Contextual Cellular Analysis Powers Pharmaceutical and Clinical Research

Cell-based analysis of potential therapeutic targets and vaccines provides researchers with the high level data required to make informed decisions about the function and efficacy of their compounds. Having assays designed so that the appropriate cellular targets can be located and functionally monitored, and so that the assay can be standardized and, where necessary, automated, is a very complex and time-consuming process.

Combining a large portfolio of reagents and the ability to stabilize, standardize and customize assays, with a varied and sophisticated instrument line, Beckman Coulter, Inc. is uniquely positioned to provide high quality data and biological insight to pharma customers. Furthermore, the company offers a corps of experienced MDs and PhDs who work directly with clients to develop assays that will fully elucidate their compounds and targets.

Beckman Coulter scientists work with pharmaceutical clients to identify their assay needs, and to help configure those assays, with a primary focus on designing tests that truly monitor the therapeutic efficacy of compounds and the stratification of patients in clinical trials.

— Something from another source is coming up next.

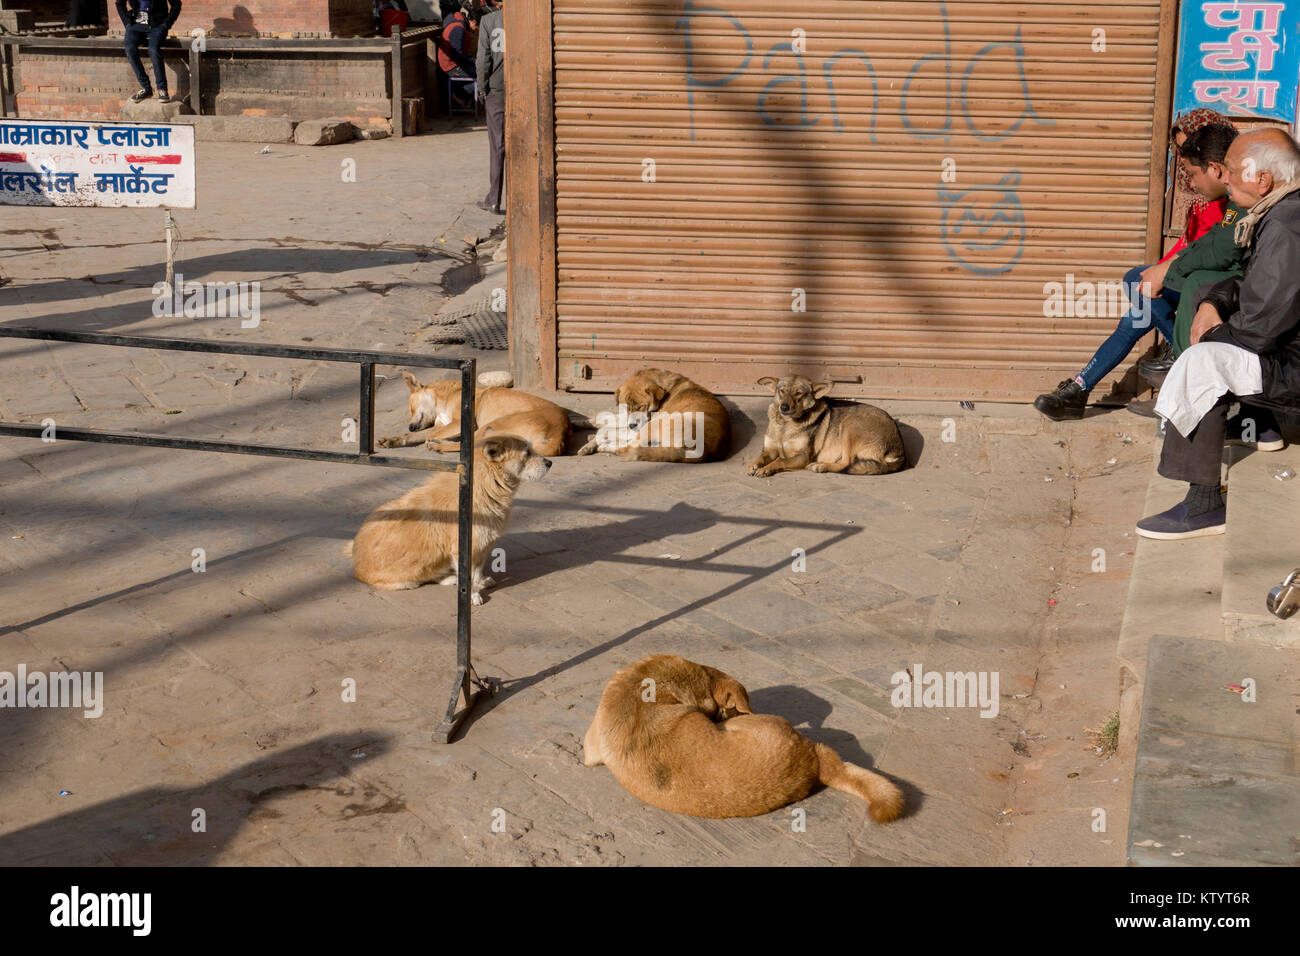 Street dogs snoozing in the sun in Kathmandu, Nepal Stock Photo

In the drug discovery realm, Beckman Coulter scientists are able to develop customized assays and provide the sophisticated instrumentation necessary for high throughput contextual cellular analysis.

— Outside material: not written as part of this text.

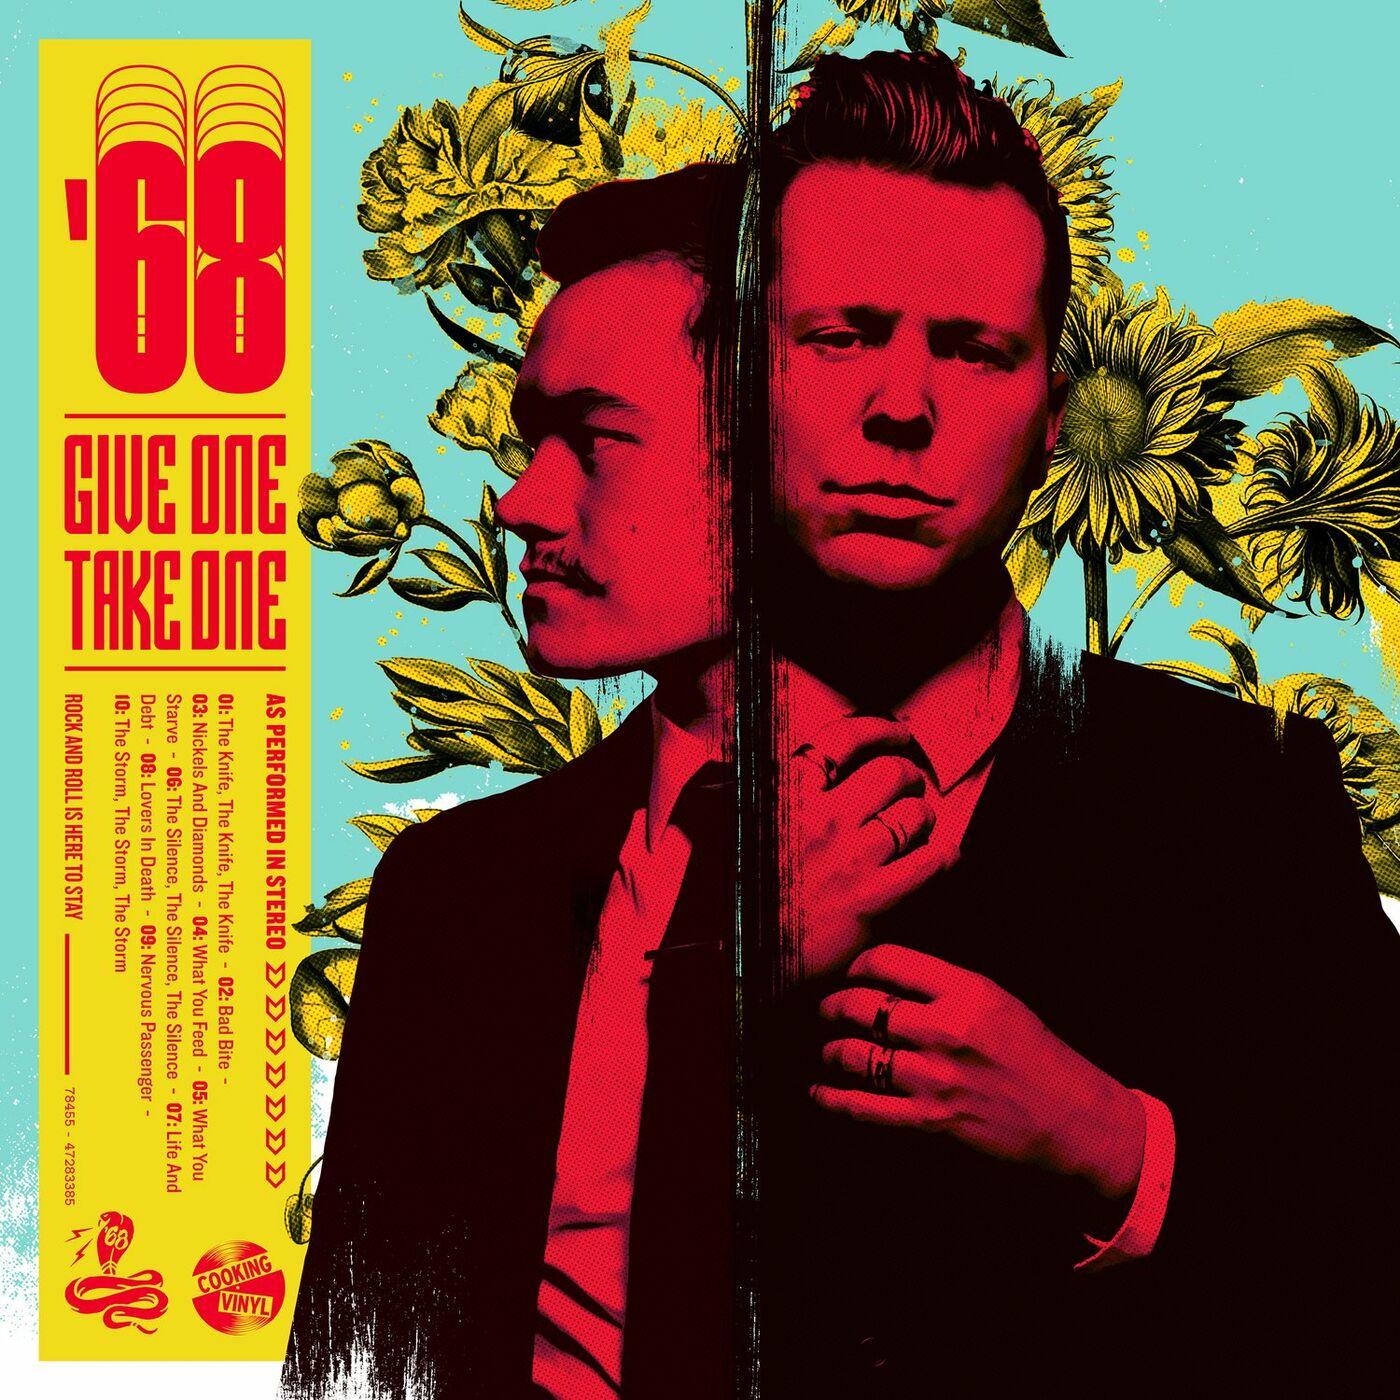 '68 - Give One Take One (2021)

Once assays are identified, they are standardized so that every test site across an organization, at all locations, arrives at the same answers. When appropriate, these assays can be fully automated. This means that once the sample is placed on the instrument, it is prepared and stained, cells are washed and then sent for analysis. In this manner, complete cellular analysis can be achieved through high-level, multi-color flow cytometry.

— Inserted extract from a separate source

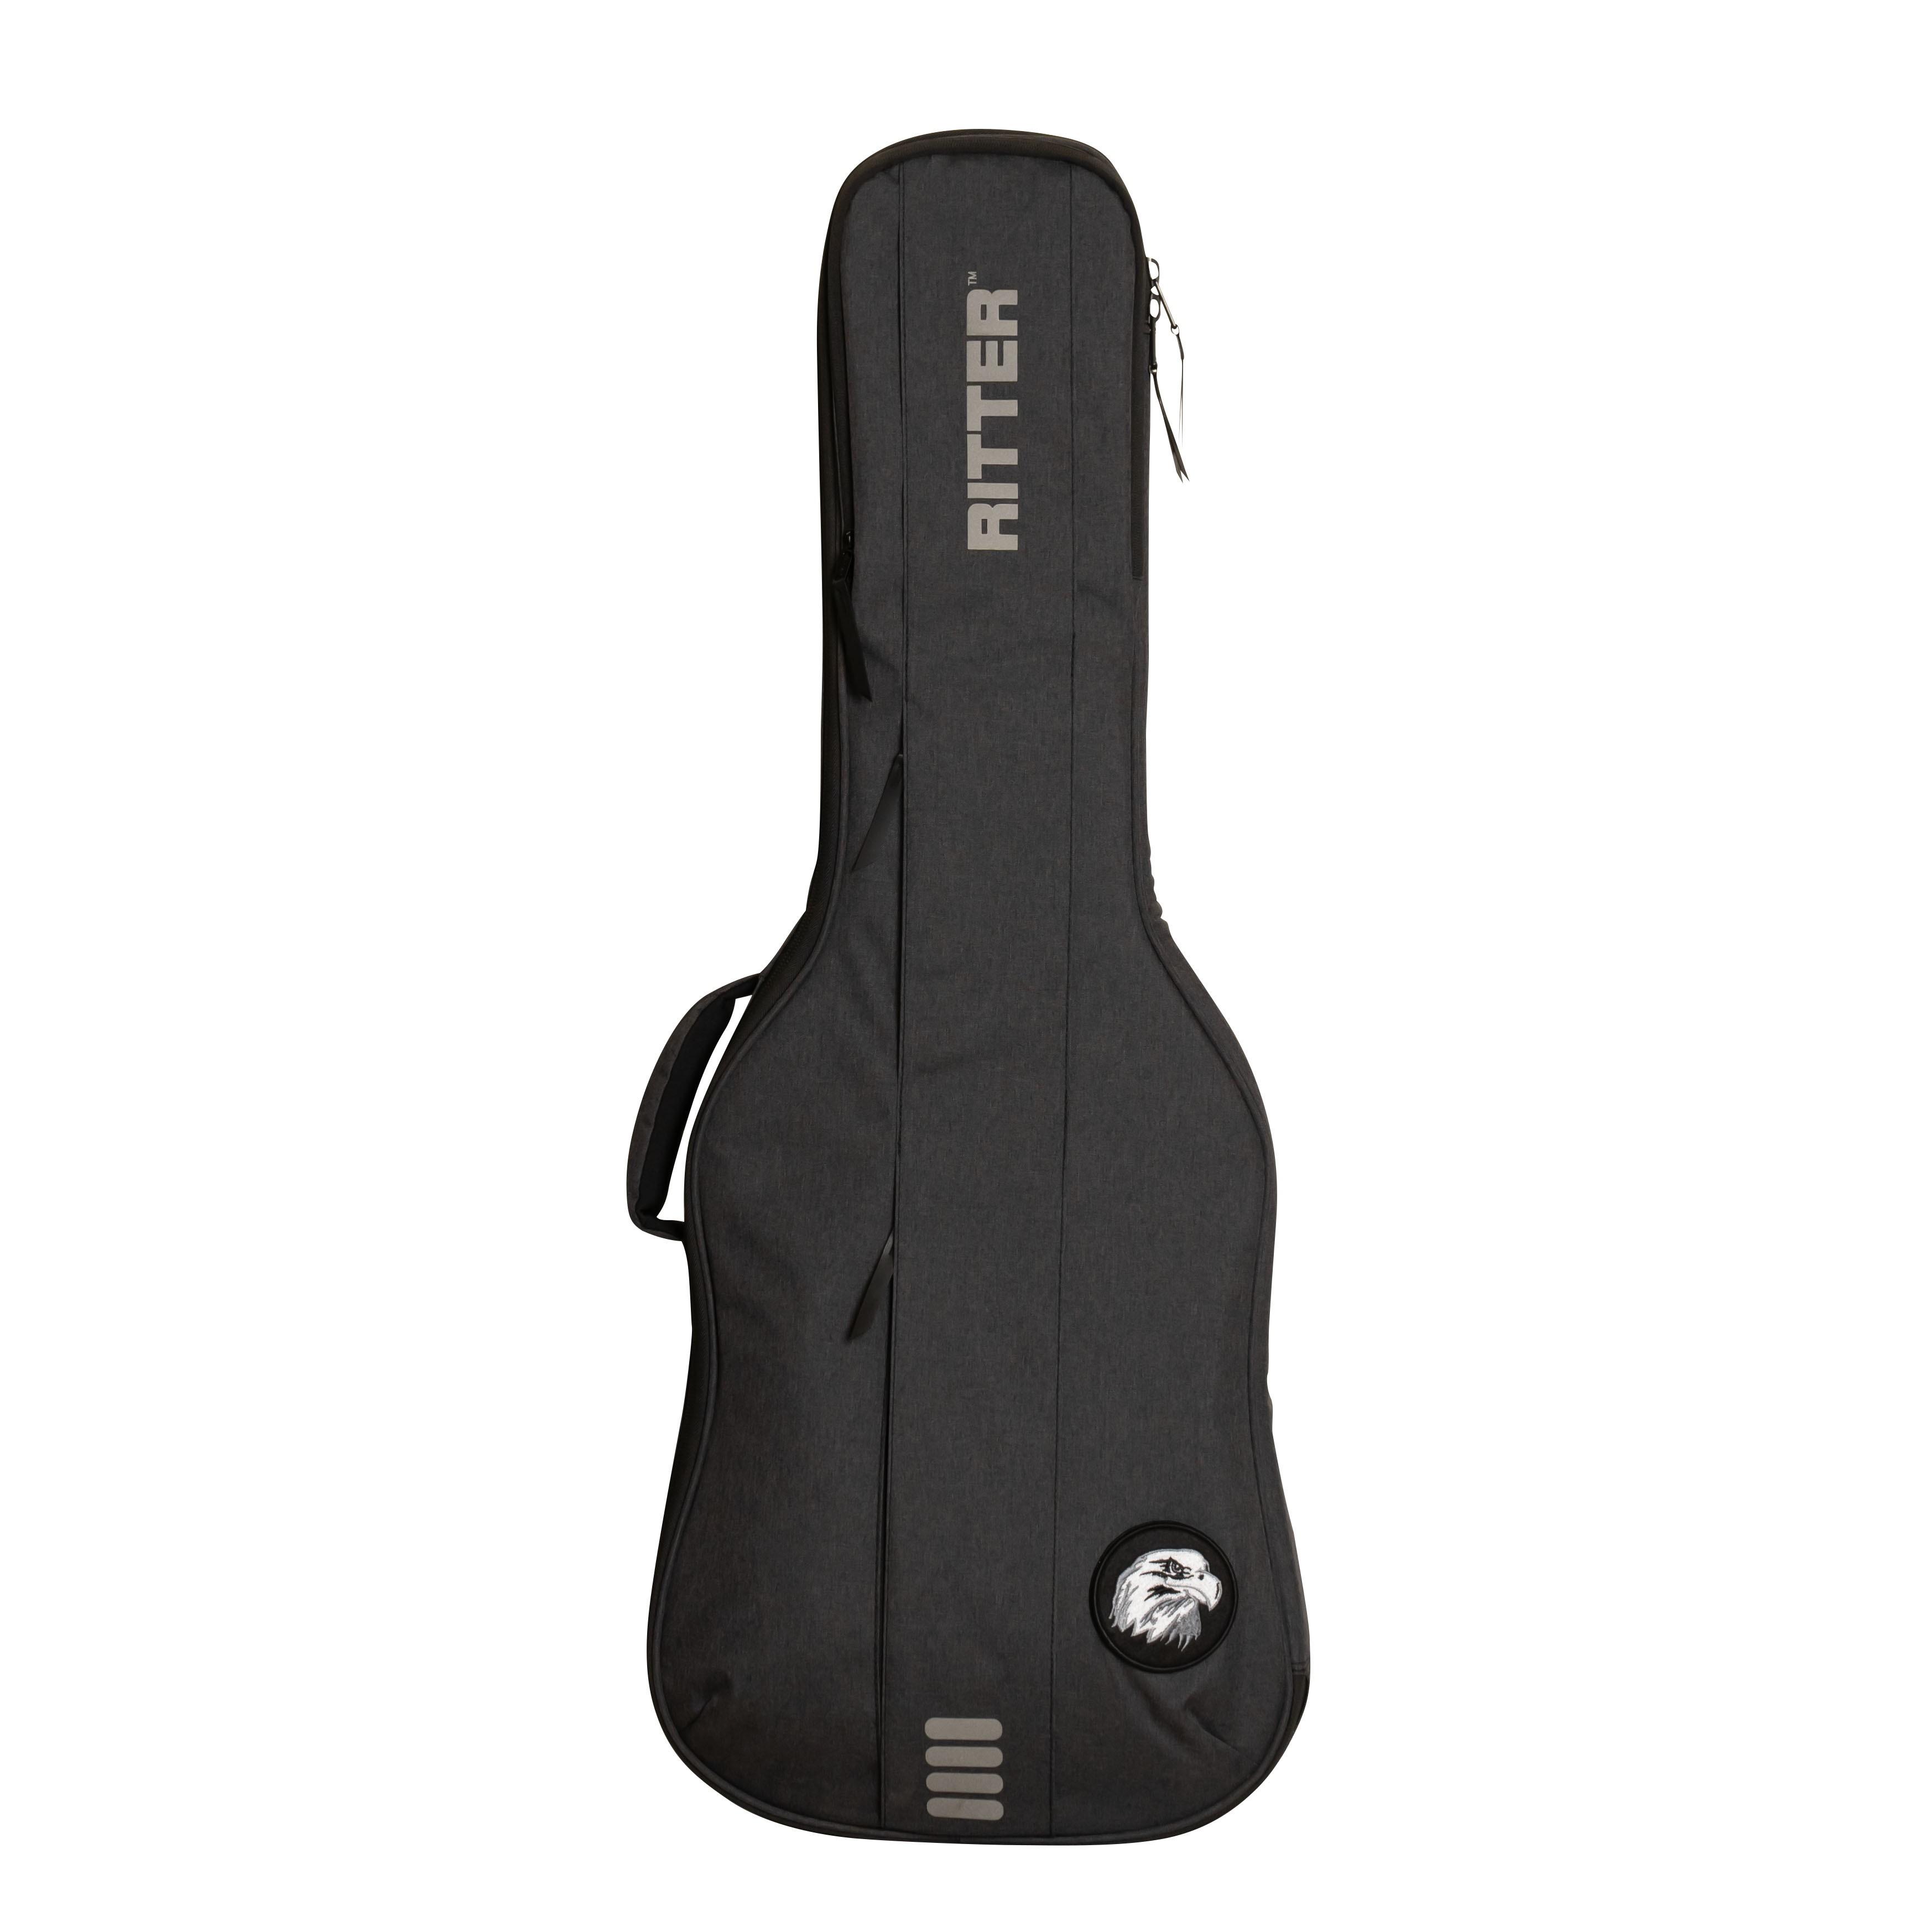 Ritter Bern Electric Guitar Bag - Anthracite (RGB4-E)

Cell-based screening provides a level of context that monitoring target-compound interaction does not. This is significant because testing targets in isolation puts them at a remove from the signaling pathways that can negate hoped for therapeutic benefits. Compounds characterized by cell-based screening are more fully understood, and can more readily move into pre-clinical screening and clinical trials.

To provide contextual cellular analysis, functional assays look at targets within a cell. To do this, the cell must be permeabilized. The appropriate combination of reagents and fluorochromes must be chosen and conjugated. Using processes developed by Beckman Coulter scientists in collaboration with customers, the cell-signaling pathway can be looked at reproducibly. Immune response functions such as intracellular cytokine analysis can be characterized. Regulatory T-cells, for example, can be studied, to better understand immune function, immune competence or immune suppression. The decision to move forward with a compound can be made with confidence, or the compound can fail earlier and new candidates can move into testing.

Finding interrelated needles in the haystack of a cell
Drug discovery companies often have huge numbers of compounds that they believe might have therapeutic potential. For example, consider a pharmaceutical research team that wants to screen a million compounds – 50,000 a day – against a target related to inflammatory response. The team wants to shut down the inflammation process by targeting one specific node within the cell-signaling pathway. The objective is to find the pathways that are associated with immune response, to identify reagents that will look at those pathways and to see if they are turned on or turned off.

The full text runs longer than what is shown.